Donkervoort P24 RS: la belva da 780 kg che sfida le leggi della fisica
Nel panorama delle supercar moderne, dove l’elettronica regna sovrana e il piacere di guida sembra talvolta sacrificato sull’altare della tecnologia, Donkervoort torna a dettare le regole del gioco con una proposta che farà battere il cuore agli appassionati della guida analogica. La nuova P24 RS è molto più di una semplice evoluzione: è un manifesto d’intenti, una dichiarazione di guerra al peso superfluo e all’assistenza invasiva, in nome del puro coinvolgimento meccanico. Un ritorno alle origini, sì, ma con lo sguardo ben puntato al futuro, come solo la piccola casa olandese sa fare.

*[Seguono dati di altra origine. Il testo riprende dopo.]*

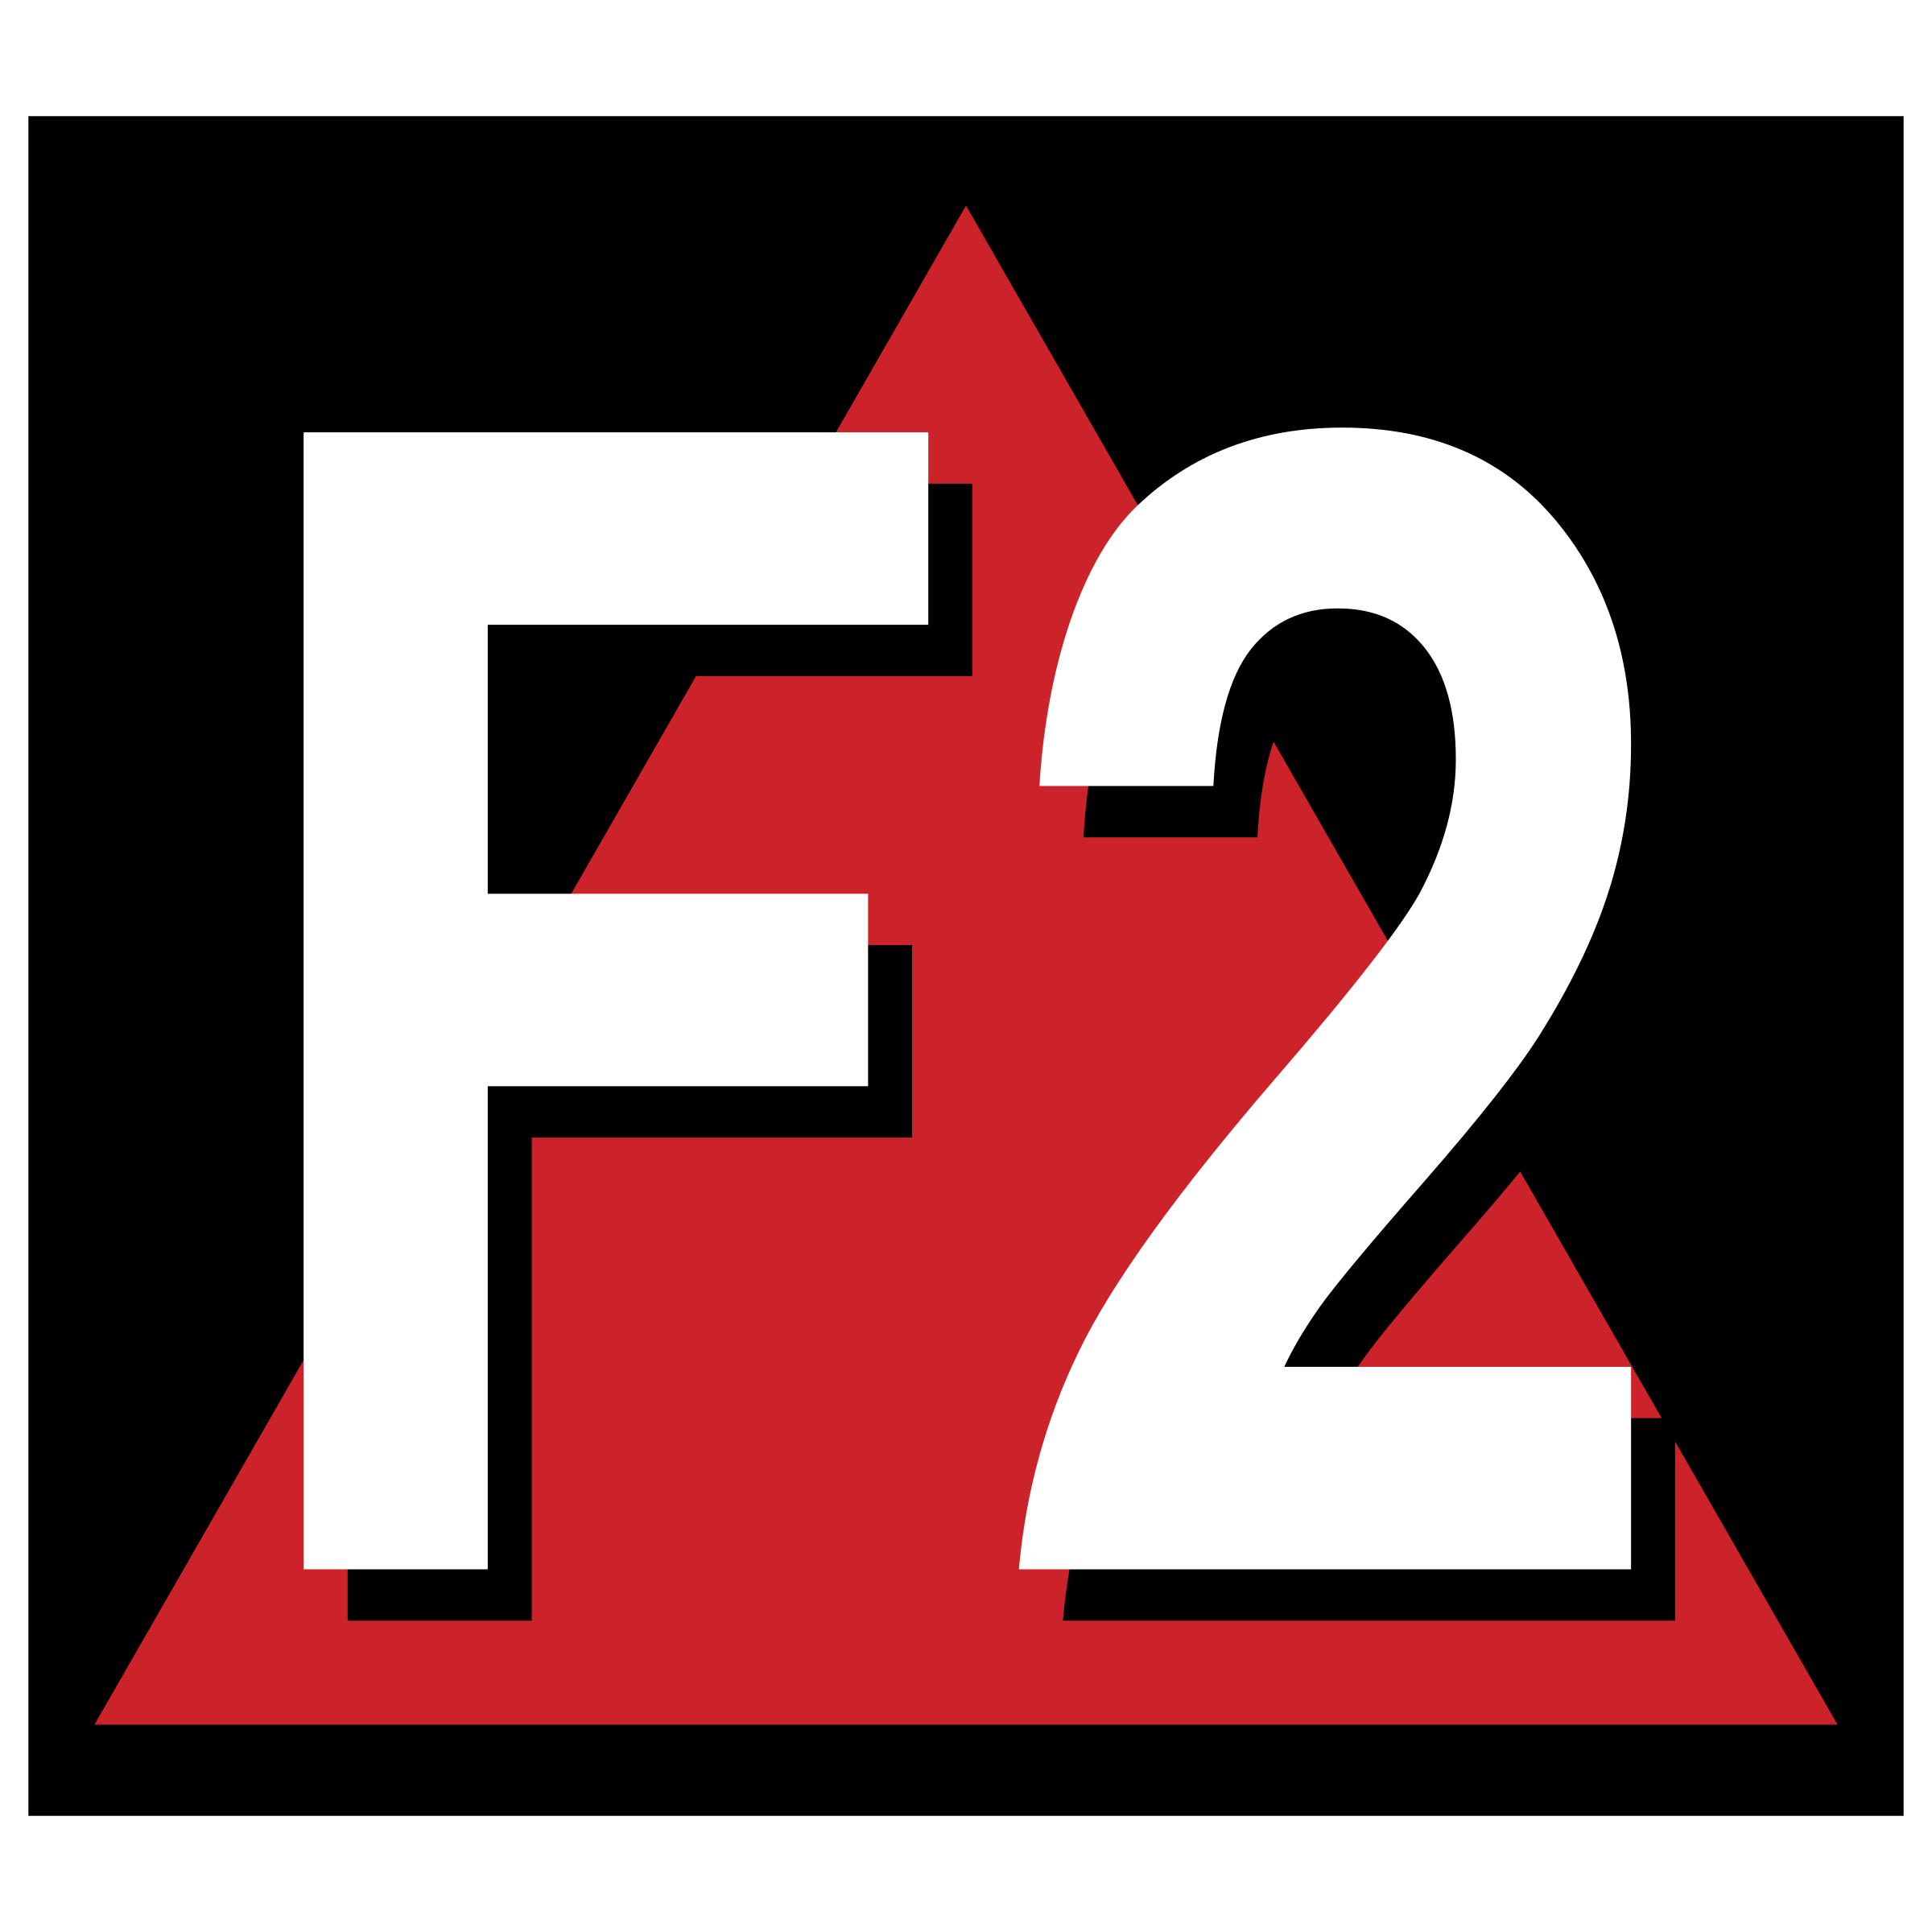 8.2 f. 2х2 лого. 2 Логотип. 2 В 1 логотип. Логотип f2.

Donkervoort ha scelto di stupire ancora una volta, presentando una vettura che, già a un primo sguardo, promette emozioni forti. Il dato che salta subito all’occhio è il peso: appena 780 kg. Un valore che, nell’era delle supercar ipertecnologiche, rappresenta quasi un’eresia, ottenuto grazie a una ricerca maniacale per la leggerezza. Qui ogni grammo conta, e la struttura portante sfrutta il meglio della tecnologia: il telaio in lega si fonde con la sofisticata fibra di carbonio Ex-Core, soluzione che consente di ottenere una rigidità torsionale da riferimento senza sacrificare l’estetica. Il risultato? Una silhouette inconfondibile, con cofano allungato e parafanghi scoperti che permettono al pilota di visualizzare con precisione la traiettoria, per un feeling di guida senza filtri.
Ma il cuore pulsante della P24 RS è senza dubbio il motore. Sotto il lungo cofano trova posto un raffinato V6 biturbo da 3,5 litri, sviluppato attingendo a piene mani dalle tecnologie derivate dalla Formula 1. Questo propulsore, capace di sprigionare la bellezza di 600 CV, rappresenta una vera e propria rarità nel panorama attuale, soprattutto se abbinato a un classico cambio manuale a cinque marce. Un’accoppiata che garantisce non solo prestazioni mozzafiato – basti pensare allo scatto 0-200 km/h in soli 7,4 secondi e a una velocità massima superiore ai 300 km/h – ma soprattutto un coinvolgimento totale del pilota, che può dosare ogni cavallo con la precisione di un cesellatore.
Non mancano però le innovazioni, quelle che fanno la differenza anche tra le vetture più estreme. Un esempio su tutti è il sistema Power To Choose: grazie a questa soluzione, il guidatore può selezionare tre diverse mappe di potenza – 400, 500 o 600 CV – adattando così la risposta della vettura alle condizioni della strada o alle esigenze della pista. Un dettaglio che dimostra come, pur rimanendo fedele alla tradizione, Donkervoort sappia anche ascoltare le esigenze dei tempi moderni, offrendo un’esperienza su misura per ogni appassionato.
L’attenzione ai dettagli si ritrova in ogni angolo della P24 RS. I turbocompressori utilizzano cuscinetti a sfera in alluminio billet, soluzione che consente di ridurre sensibilmente il turbo lag, mentre gli intercooler stampati in 3D ottimizzano i flussi termici, garantendo prestazioni costanti anche nelle condizioni più estreme. Le sospensioni attive Tractive, altro fiore all’occhiello del progetto, permettono di passare in un attimo da un assetto stradale confortevole a un setup da pista, regalando una versatilità inedita in un’auto di questo calibro.
Gli interni sono un tributo al minimalismo funzionale: sedili Recaro personalizzati, volante removibile e pannelli tetto Twin Targa in fibra di carbonio asportabili, per vivere l’esperienza di guida a cielo aperto. Ma c’è di più: la capacità di carico di 298 litri sorprende, offrendo una praticità che raramente si incontra su una supercar di questa caratura. Un tocco di genio che rende la P24 RS adatta non solo alla pista, ma anche a una fuga romantica nel weekend.
La produzione sarà limitata a 150 esemplari, con un prezzo di partenza fissato a 298.500 euro e consegne previste dal 2027. Un’attesa di circa 18 mesi, che contribuirà a rendere ancora più esclusiva questa icona destinata ai collezionisti e agli intenditori. L’omologazione europea per piccole serie, inoltre, faciliterà l’accesso ai mercati internazionali, Stati Uniti compresi, ampliando l’appeal della vettura ben oltre i confini continentali.